Doing metadata synchronisation using rotating disk is less efficient because of the inherent latency involved, and the interposition of write cache. However, using flash devices to quickly get metadata onto stable storage is highly efficient. At scale, this becomes an overriding concern. One can easily sync two nodes’ metadata using HDD, for example, but that is not scale-out, and adding an extra layer of file system overhead (e.g. an aggregation layer) on top of legacy file systems to simulate scale-out is highly inefficient. Scale-out starts at three nodes and goes to N. The current challenge is to increase N without adding quadratic latency, and flash helps greatly here.

A secondary role for flash in scale-out is to hold data itself which is quite read-intense, in particular big data after it has been mapped (the map stage of map/reduce) and now is undergoing processing, again mostly reads. There is much research and development going on currently in this area, especially as flash devices become denser and less expensive to procure.

El Reg Do scale-out filers need an integrated archiving/backup back-end system to store cold data, perhaps in a deduplicated form?.
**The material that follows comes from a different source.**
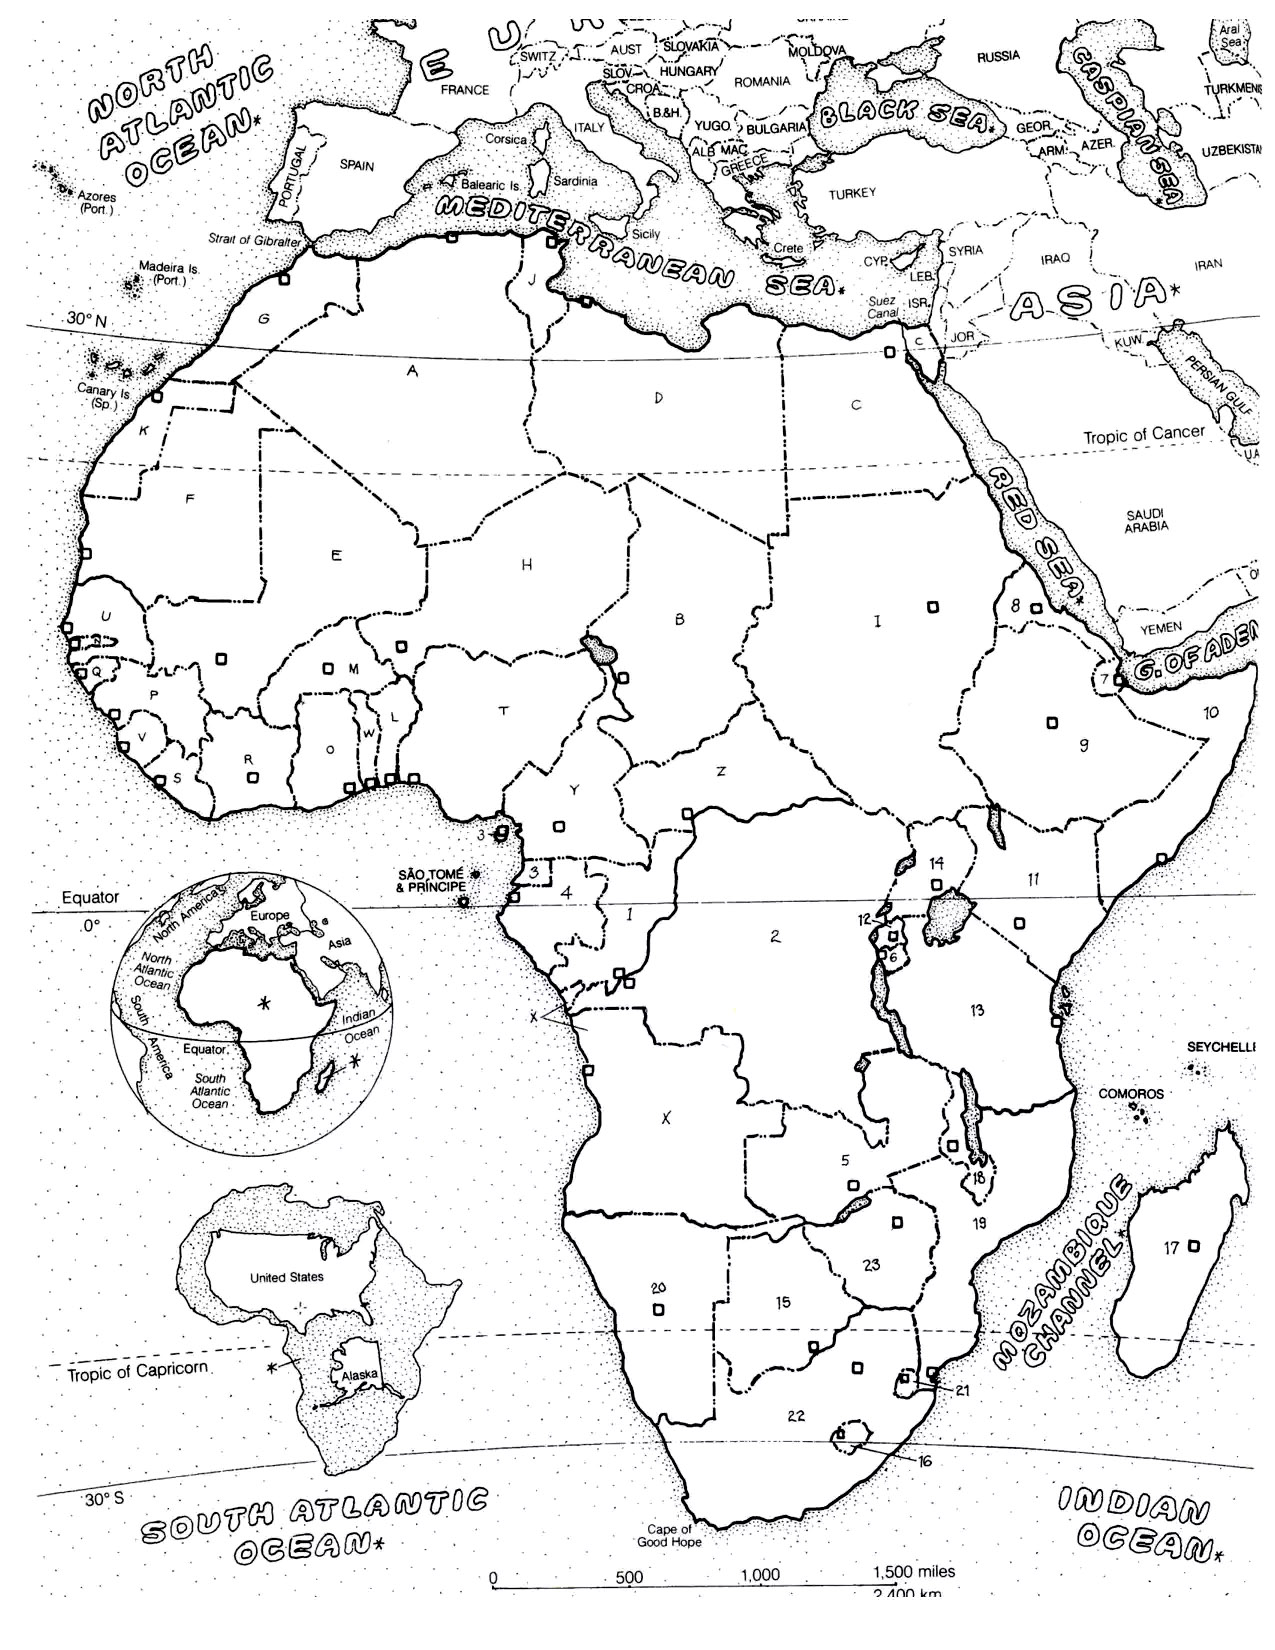 The map of the African continent

Rob Peglar: In general, the answer is yes. Cold data is only one use case; the other is more strategic, i.e. the preservation of important/critical data, albeit infrequently used (‘cold’). Data of high importance must be archived not only for protection’s sake but also for legal and/or security concerns. Thus, any system, scale-out or not, must be so protected. Scale-out has a very important role to play here because it can serve as both primary and secondary repository – i.e. archive to scale-out. Archiving in particular lends itself to scale-out approaches by its very nature – typically always adding data to a permanent archive.

Archive is also typically the ‘repository of last resort’, so protection is paramount.  This is another reason why scale-out is a superior approach; it adds not only disk protection but node protection as well, thus isolating the archive at large from any set of individual failures. Isilon in particular has developed an M+N approach to scale-out, thus minimizing the probability of data loss not only due to drive (media) failure but also node failure (e.g. power outage, cable pulls, human error, etc.)

This is a superior approach to tape archive, for example, because the failure of a given tape library means the cartridges contained therein – the media of last resort – are inaccessible and must be physically removed and transported to another library of similar characteristics. This is not scale-out. Scale-out archives imply one copy of the archival data, and protection via architecture is paramount.